I won’t describe too much more less I ruin the surprise, but I found it very provoking and very moving. There is a lot that is very human in it. Expressions of different senses and parts of the body, places that humans occupy, self-image, components of our ideas of selfhood. There is a lot that I felt quite powerfully was reminding me of something, but I couldn’t work out quite what and I wanted to just sit there and think about it.

It’s very good. Do go.

Interesting site where you can see installation views, text and pictures - http://www.diacenter.org/exhibs/munoz/project/title.html
Tate Modern info - http://www.tate.org.uk/modern/exhibitions/juanmunoz/default.shtm
Guardian obituary - http://www.tate.org.uk/modern/exhibitions/juanmunoz/default.shtm

Thursday, 13 March 2008

Osteopathy, Silver lining

After I last wrote, I took myself and my injured neck off to an osteopath, where I was clicked and cracked and manipulated and massaged and given some exercises to carry on with at home. I emerged freed of pain and with fluid movement again; a wonderful feeling after the kind of pain that restricts everything you do and how you think, even if only for a few days.

It made me think that I would like to be working with people, knowing about joints and bones and muscles, and freeing up tense muscles or over-pressured joints. For a while I wondered about training to be an osteopath. I like the idea of working with a whole person and talking to them and being able to advise them what to do, and being able to help them with frozen up muscles, or sore joints. I liked that she also took into account my lifestyle and suggested different ways of sitting for example, practical things to help with the aches and niggles that come from that sedentary lifestyle we are always told is so bad for is.

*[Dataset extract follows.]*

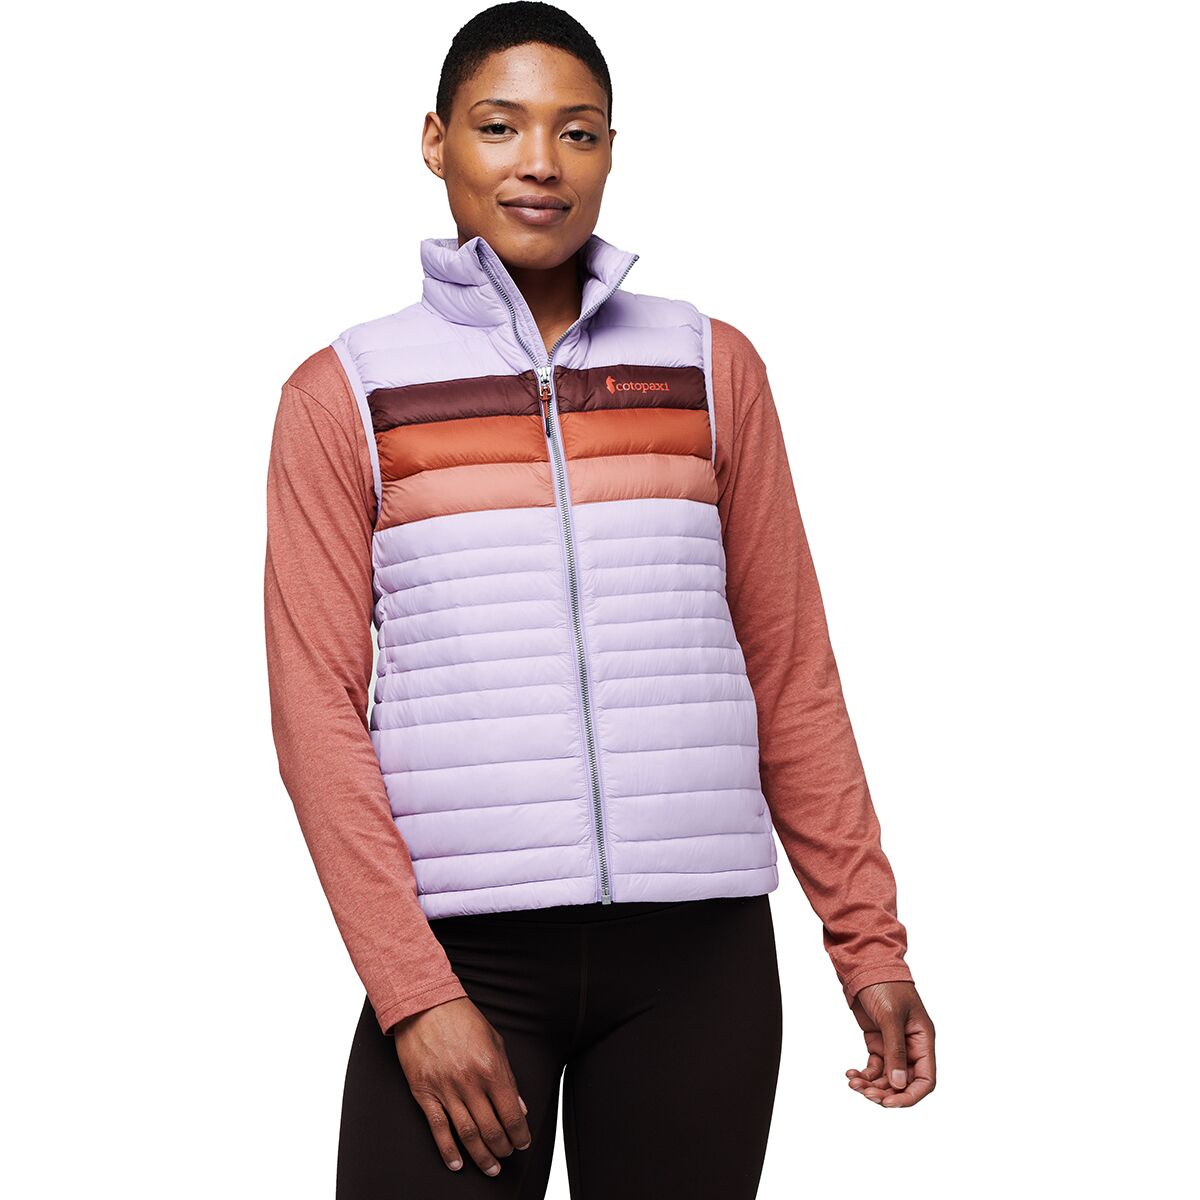 Cotopaxi Fuego Down Vest - Women's | Backcountry

In the end, I wasn’t sure it would suit me. I don’t like the fact they can’t explain what the ‘crack’ is that you hear – I want to have an explanation behind what I’m doing. I'm not sure, but I think my shoulders and neck 'crack' a lot more now, following the treatment, and I want to know why this is. I also think I'm more interested in the prevention than the cure - I don't want to be sending people away thinking they are cured then slipping back into bad habits; I think I'd like to spend more time helping them help themselves than cracking things into place or out of tension.

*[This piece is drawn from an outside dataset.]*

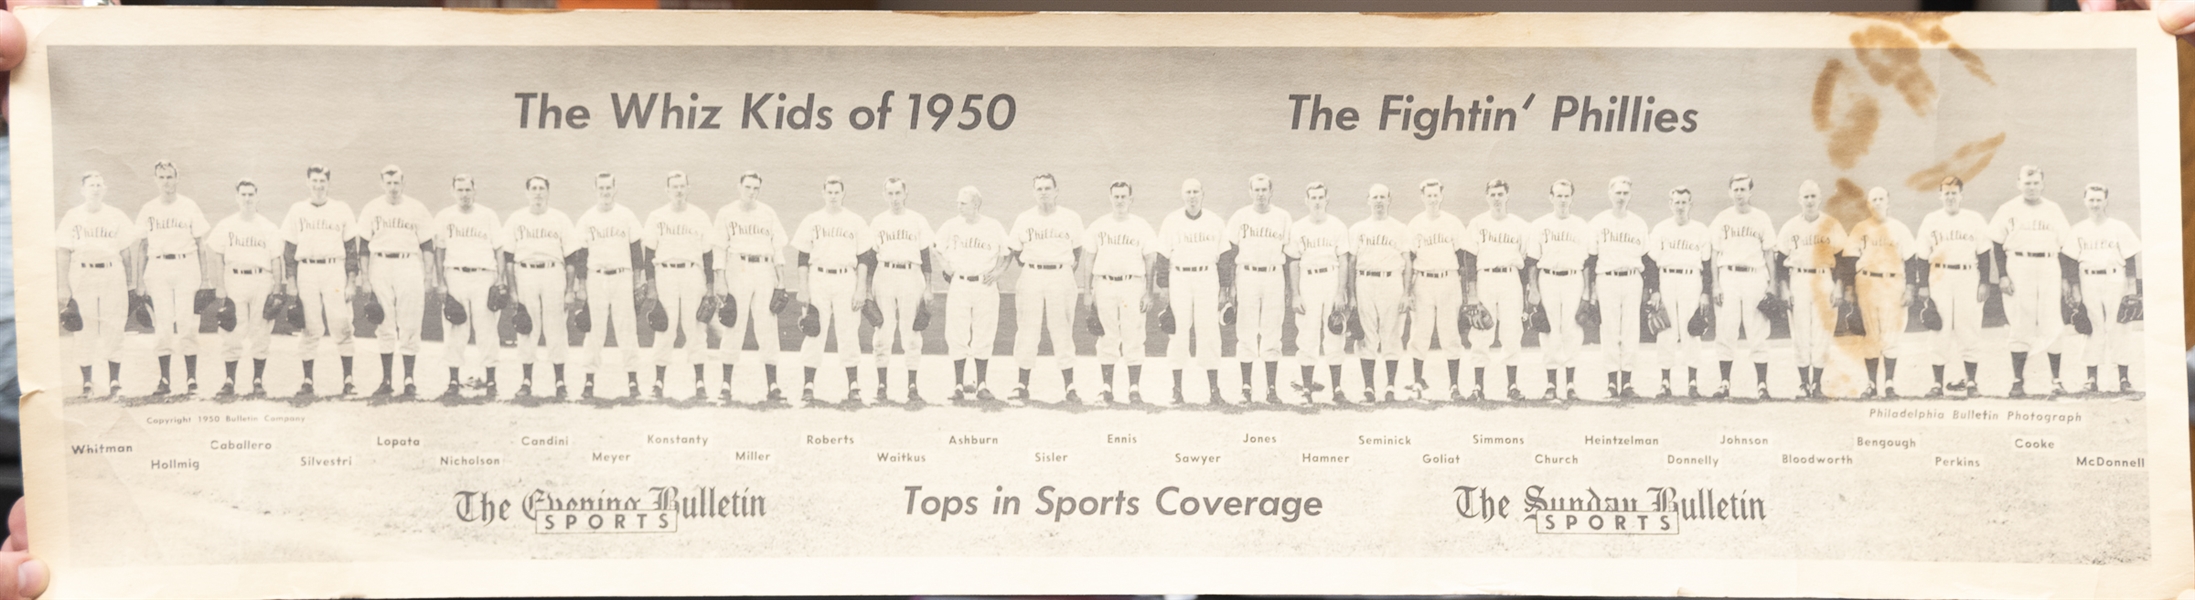  1950 The Whiz Kids Phillies 36x10 Team Print from The Sunday Bulletin

The main problem I suppose is that to justify all that training time and money, I’d have to be pretty sure about it being what I wanted to do. It is just aspects of it that appeal to me, not the whole shebang.

Still, it was very interesting to experience. I had been interested before, but in ignorance – having no idea what they would actually practically do, so now I have been enlightened. And anything where you get an hour with the focus on you is a real treat (I was reading recently an article about Drs referring patients to homeopathic clinics when they know that the actual remedies have no greater effect that placebos in trials, because the time the homeopath spends with a patient is what makes them feel better, and what GPs often can’t offer).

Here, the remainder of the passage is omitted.